• **Dataset content**
====================
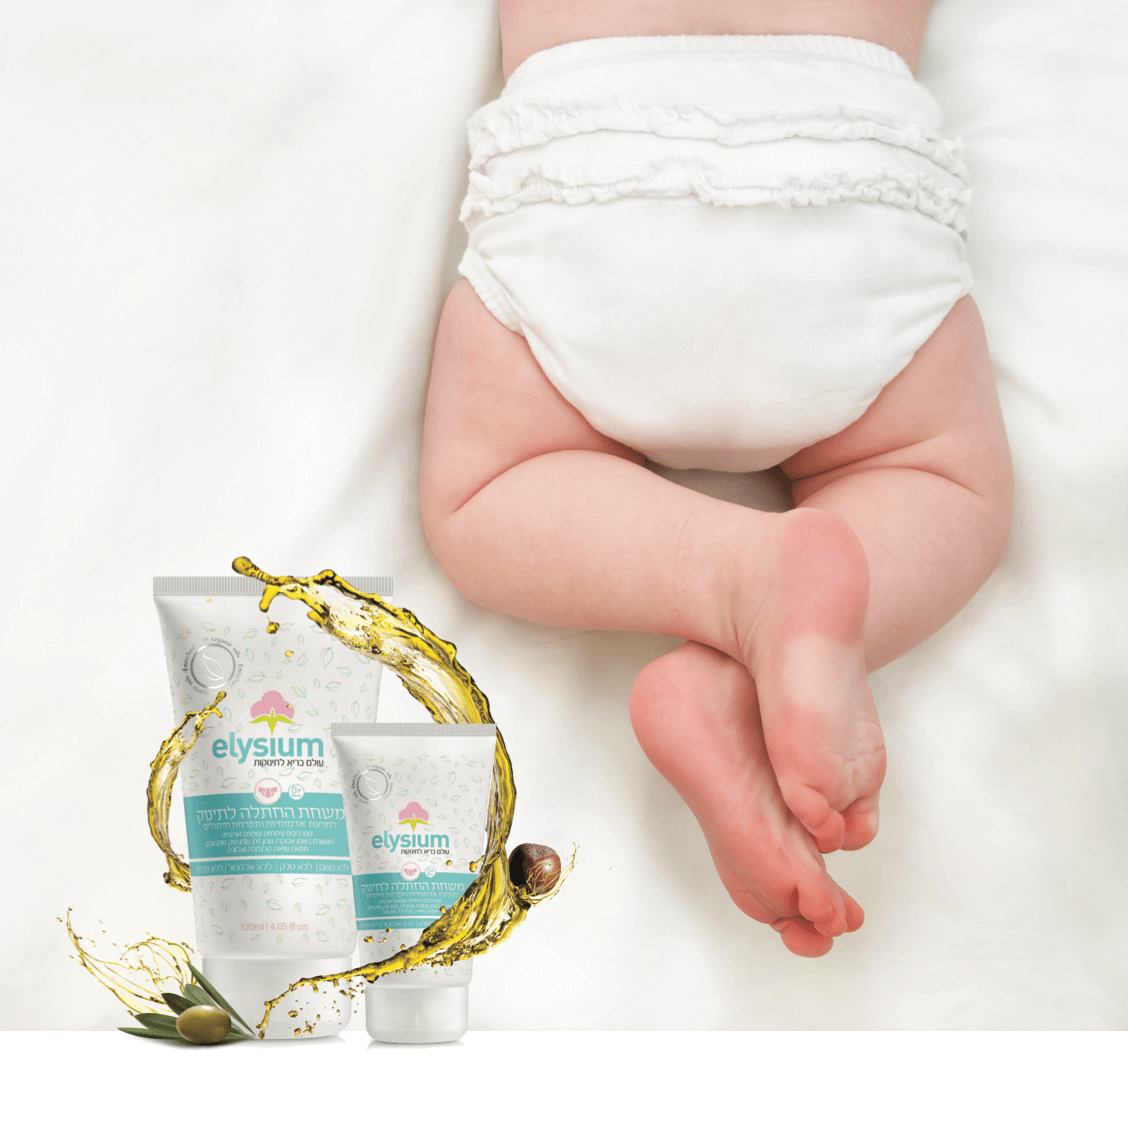 חברת אורגניקזון משיקה: סדרת מוצרי טיפוח אורגנית לתינוקות
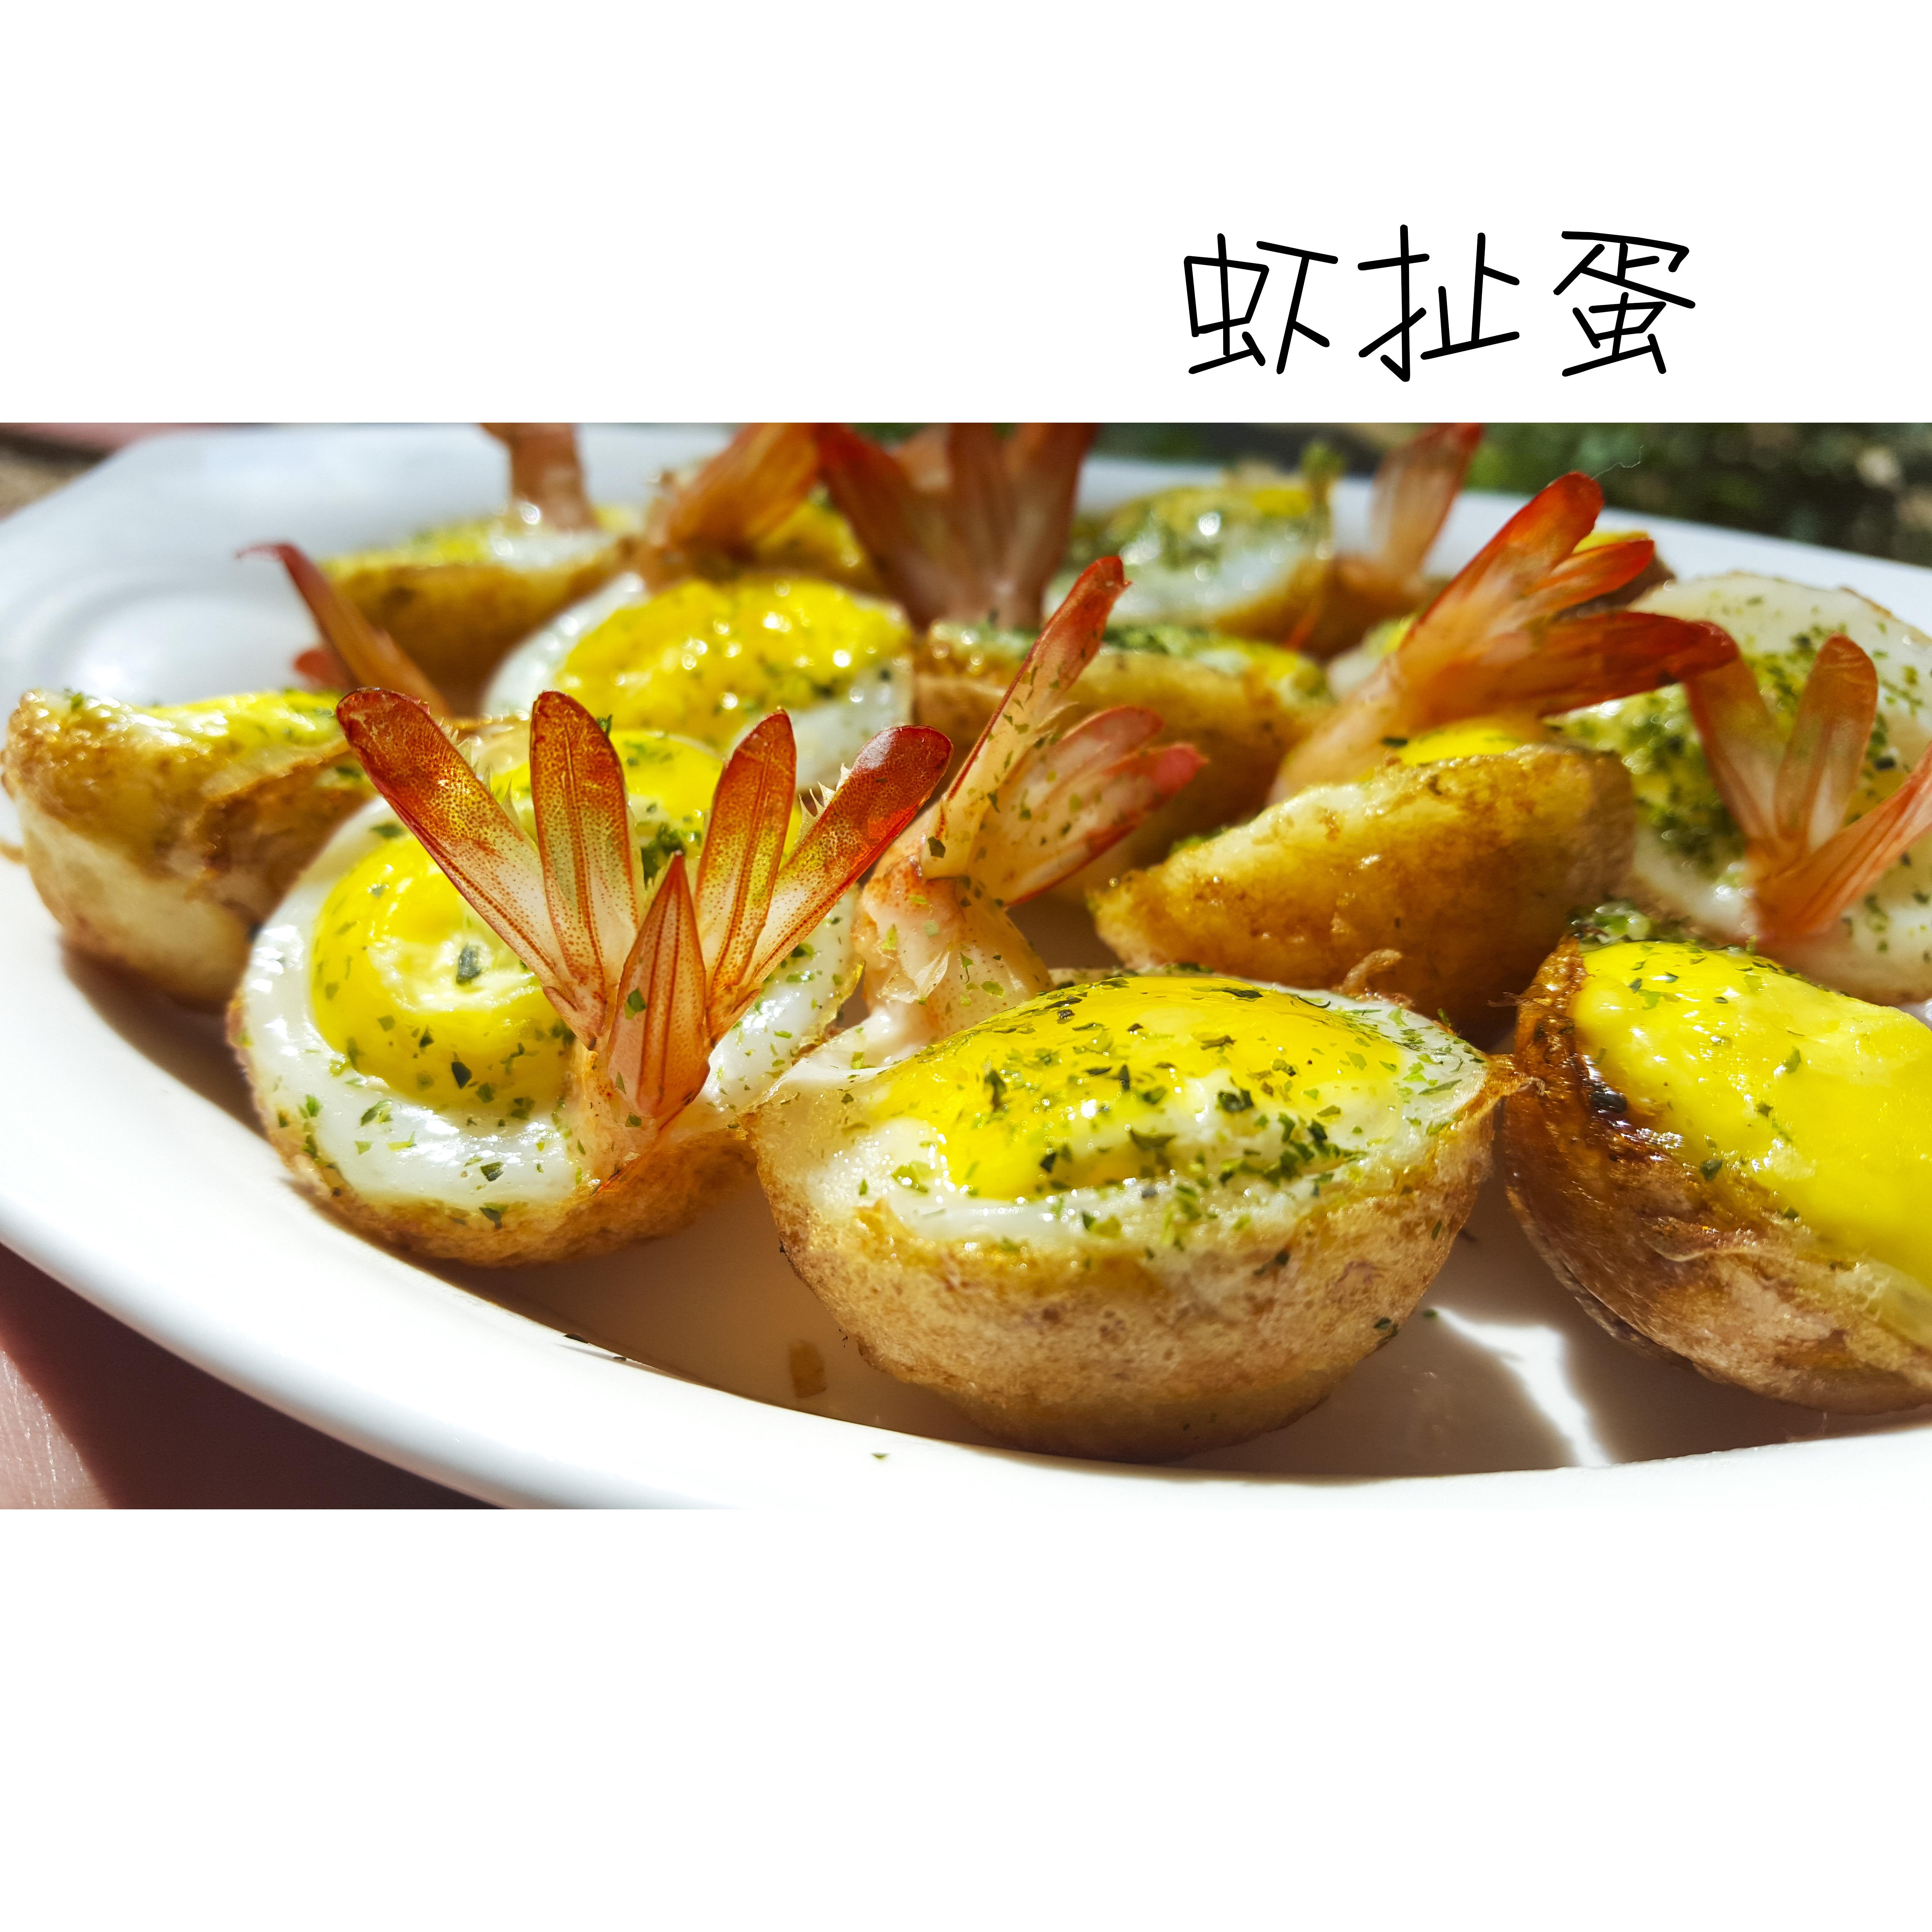 虾扯蛋——台湾夜市小吃的做法
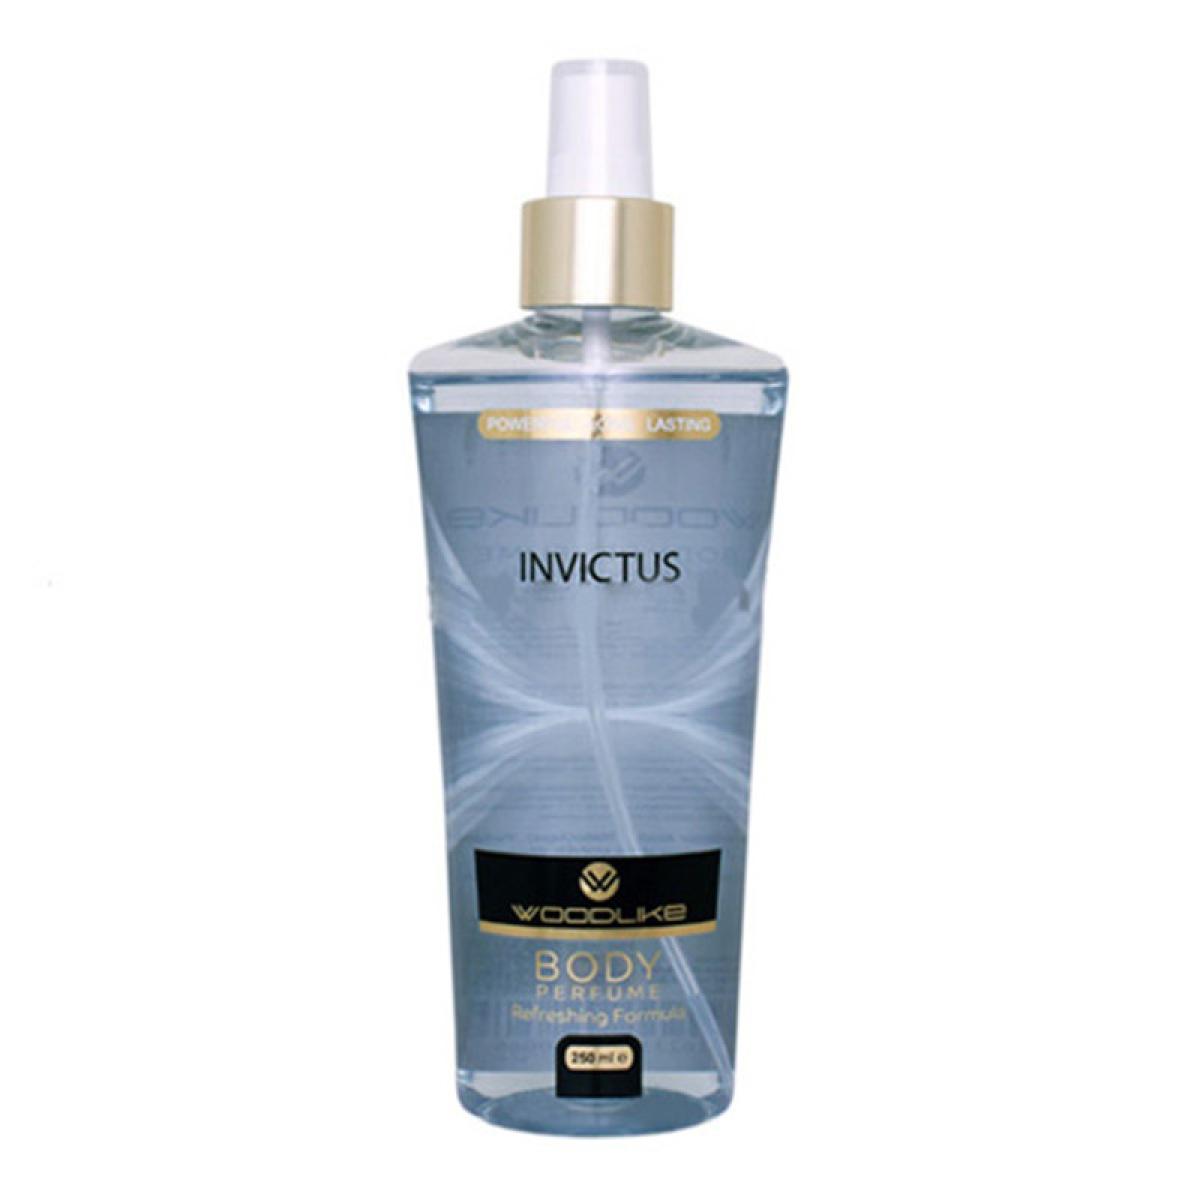 بادی اسپلش مردانه اینوکتوس - Body Perfume invictus
====================
• **Task directions**
When you restate the listing, keep every word as it is and drop the pictures.

• **Result for this task**
 חברת אורגניקזון משיקה: סדרת מוצרי טיפוח אורגנית לתינוקות
 虾扯蛋——台湾夜市小吃的做法
 بادی اسپلش مردانه اینوکتوس - Body Perfume invictus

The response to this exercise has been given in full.